For some less familiar with this debate, there's tension in rhet/comp pedagogical scholarship to determine whether content-based themes (race, class, gender, politics, etc.) should be used in content-based first-year writing courses. Critics of this idea charge that more time is being spent debating these topics, while less time is being spent teaching students how to write. Critics also charge that we shouldn't introduce themed topics like race, class, or gender into the classroom, since writing teachers are not trained sociologists/political scientists/women's studies scholar/critical race theorists, etc.
Proponents of introducing content-based themes into first-year writing classes argue that we not ignore the identities students bring into the classroom because our students are raced, classed, and gendered and do bring with them their rich and extensive ideological histories. These proponents would also argue that their research is interdisciplinary enough to account for topics in women studies, sociology, etc., thus making them qualified enough to cover such topics in first-year writing. And finally, many of these proponents charge that in real writing situations, writers write about something. Therefore, why not have them write about topics that affect and influence our everyday practices?

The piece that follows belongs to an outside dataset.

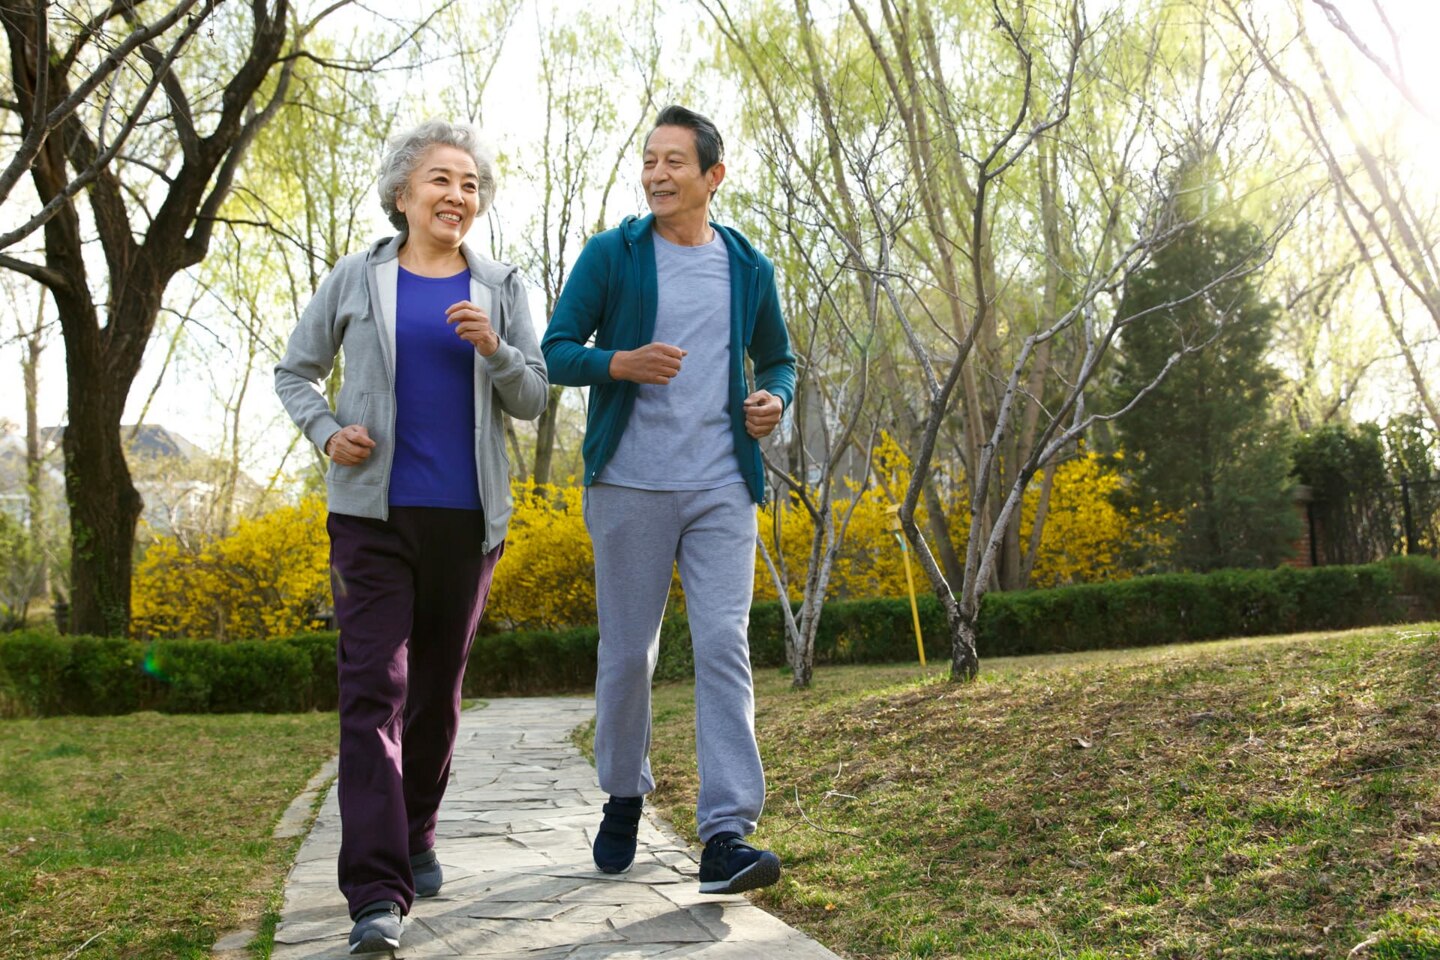 Senior couple jogging in a park during spring.

Personally, I think a first-year writing class can do both (that, is cover content-based themes and keep the focus on writing). At my institution, our Tier I Writing Committee has worked quite extensively to make sure that the focus is still on writing, even though we have several content-based first-year writing courses that cover race, gender, class, service learning, technology, law and justice, American thought, radical thought etc. The key is making a shared curriculum with writing-focused/literacy focused assignments that are flexible enough to cover different content-based areas (we've composed a programmatic guidebook that speaks to many of these concerns). For example, the first assignment in our sequence is a literacy autobiography assignment. Some instructors adapt this by assigning linguistic literacy autobiographies using discussions of Ebonics (race, sociolinguistics, rhet/comp scholarship) as a lens. Others construct gendered linguistic literacy autobiographies, asking students to discuss how their language use is influenced by gender norms. For instructors whose courses focus on science and technology, they have students write technological literacy autobiographies that ask students to discuss their literacy acquisition to learning different video game technologies. So it can be done.
I digressed a bit, now back to the Diary of an Anxious Black Women post. I encourage you all to read her post because I don't want writing teachers to use the challenges that she experiences as an excuse to ignore white privilege, race, class, or gender discussions in the classroom. They can be addressed quite productively, while still keeping the focus on writing, since we are teaching a writing course, and not a Women's Studies course.